My first book, a children’s picture book called Back to the Manger, was published by a tiny publisher in Minnesota. They did a beautiful job on the product and gladly left all the marketing to me. Being the zealous first time author with a holiday book in hand I pounded the internet pavement with a vengeance. The book did well, supported by strong events and speaking engagements. In two months it sold a few thousand copies, but I found myself wondering what might the sales result have been if this publisher marketed the book as well as they produced it? Also, by Christmas Day my weary bones could barely make it downstairs for stockings and presents.
For my first novel, A Minor, I signed a traditional deal with a small publisher. Just FYI, traditional means you get an advance and royalties. They worked hard and created a gorgeous product with breakthrough technology, the music embedded into all the ebooks – presto! – just touch the title of the music on your Kindle and it plays. Their partnership with Ingram distributors accomplished this feat, but Ingram didn’t seem to do much more, despite being a big name. Again the lions share of the marketing landed on my doorstep with the first box of comp books. As John says, expect about 50-80% of the work to be done by you, the author. He’s not kidding. The book sold well, but not as well as I’d hoped.
Next up, a poetry and essay compilation with Redbud Writers Guild, Everbloom, with a small publishing house which also happens to have a fantastic marketing department. Lesson here, some small presses do have the capability to market your book so look carefully under the hood. Talk to other authors who’ve been published by this press. What did they do for their book? What does the contract say about marketing? What I’d describe as teamwork marketing muscle launched this book (i.e. not just me) and again it did well, but not as well as I’d predicted. Hint- don’t make predictions on book sales. However, the experience of working together with a marketing team enhanced my joy in releasing this book into the world.

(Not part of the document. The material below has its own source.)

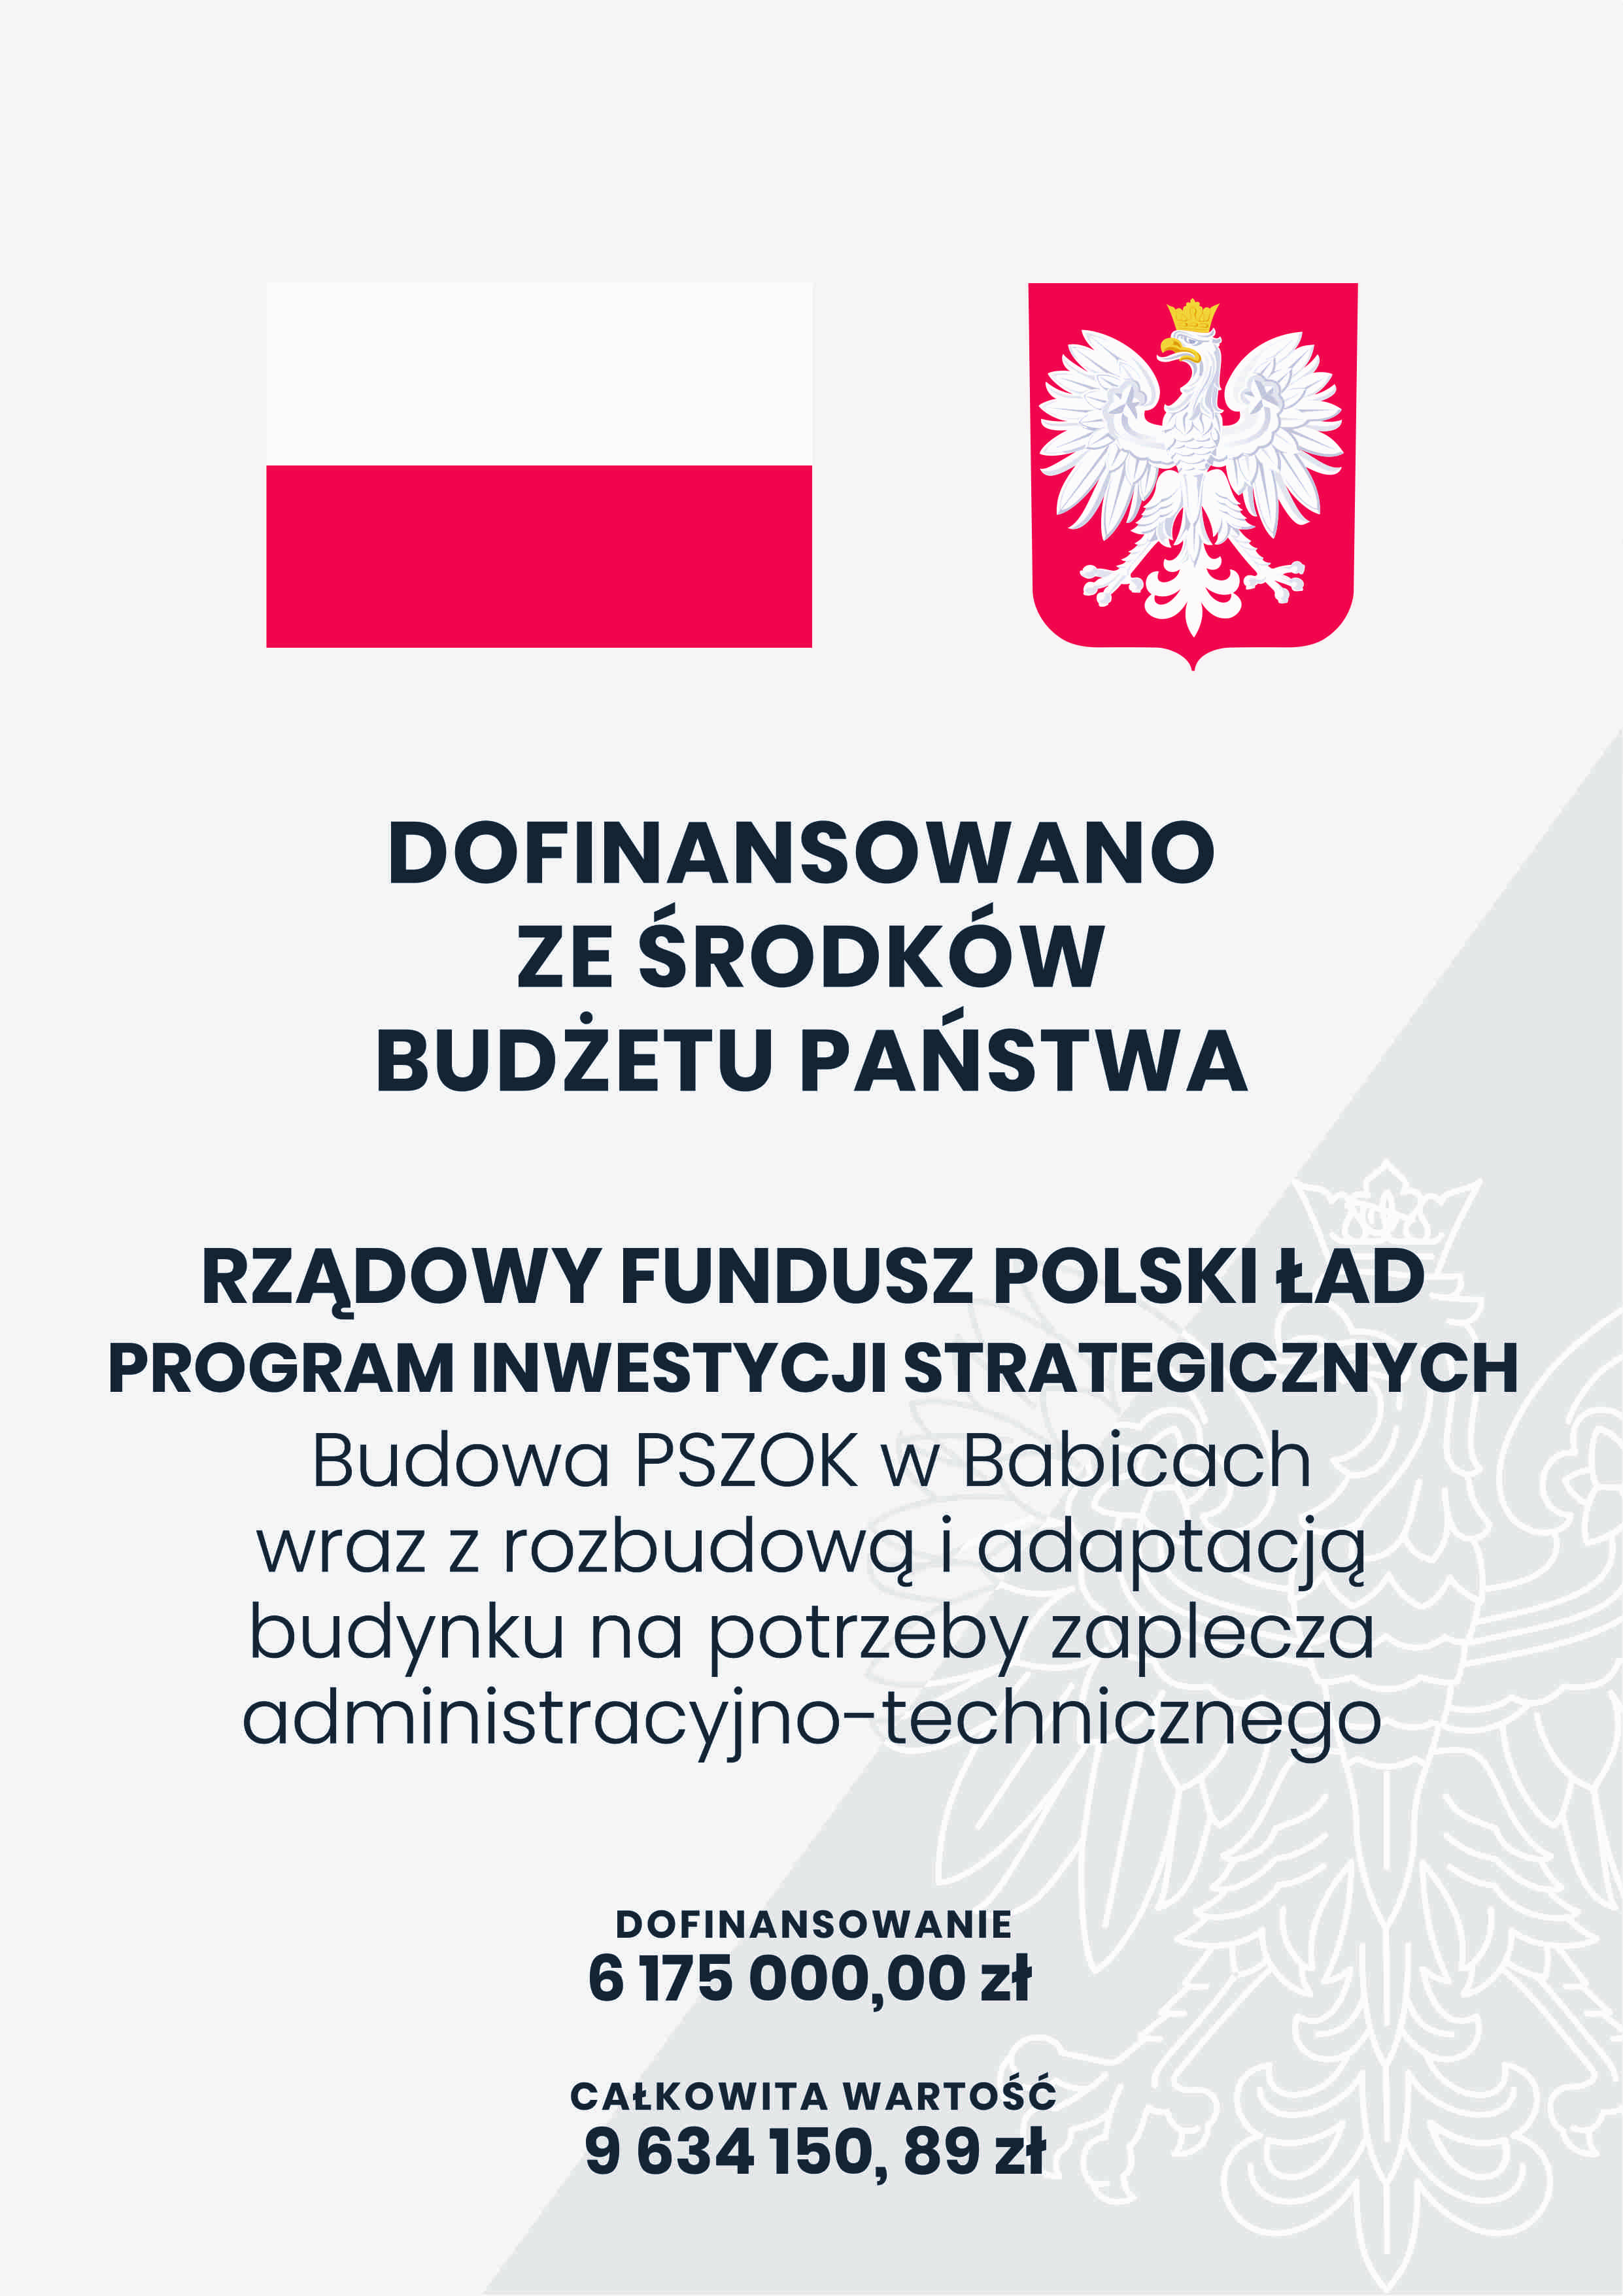 Polski Ład - dofinansowanie
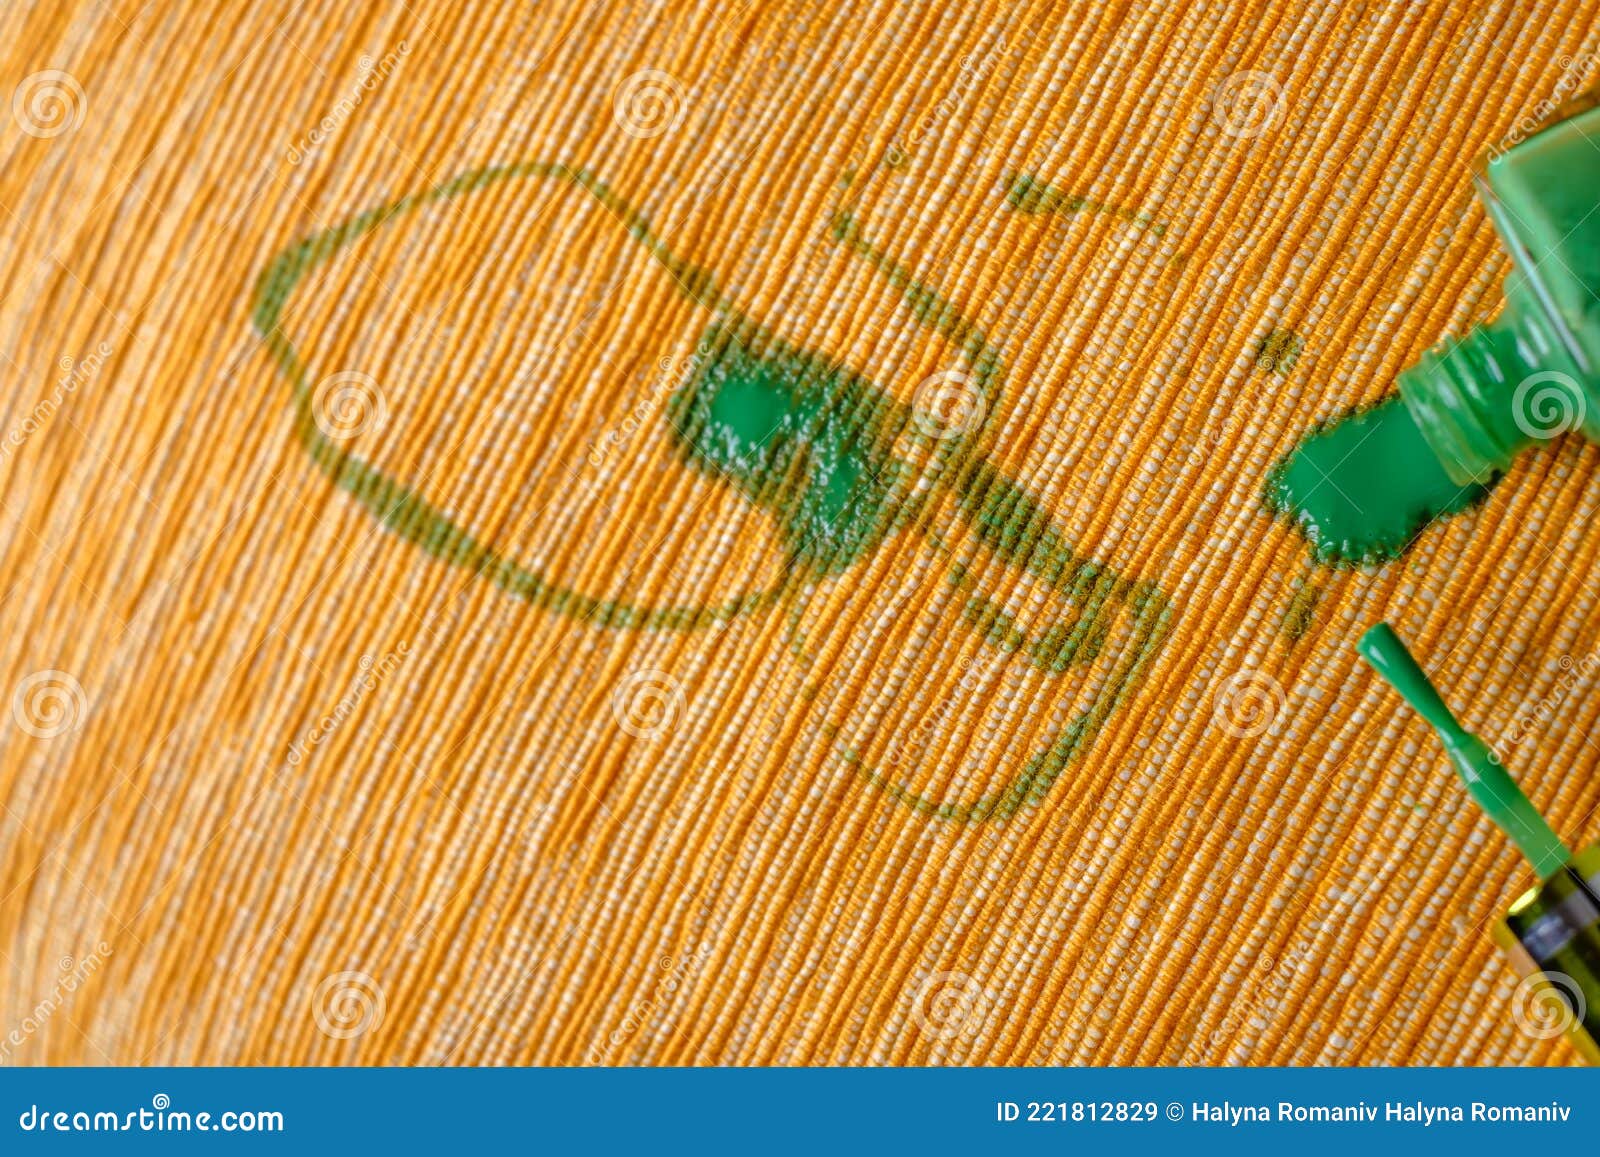 Manchas Verdes De Esmalte De Uñas Derramado Sobre El Tapicería Amarilla Del  Sofá. Vista Superior Imagen de archivo - Imagen de brillo, aislado:  221812829

So my singlehanded marketing effort for my first book has actually sold more copies over time than the others? Why? Not an easy question to answer because an amalgamation of factors are at play. A key one is what I like to call the unanticipated demand factor. Some books are organically launched in the right place at the right time. My Christmas book happened to be such a book. It leveraged a unique time period that can be maximized year after year. So timing effectiveness is a reality. Hint – think about how you can link your book to a specific timing or event that thematically ties in with the topic. Also, breakthrough technology doesn’t ensure success so don’t bank on a quality of uniqueness as a factor of sales. Sure, the cover is important, but a breakthrough cover design/feel won’t make a huge difference. A teamwork approach to marketing is best. Hearing about a new event/opportunity from your marketing team even six months after the book launched buoys your desire to do more. If they’re still working for the book, then you can too, especially beyond the book signing launch party. In store signings don’t sell many books. Celebrating with friends and family at a rock ‘em sock ‘em launch party is a blast, but just because you sold 50 books that day doesn’t mean your book will succeed down the road. As a benchmark, a friend working for a larger publishing house told me, “If your book sells 10,000 copies then it’s a success.” With my limited track record of working through three book launches, I’d say he’s right.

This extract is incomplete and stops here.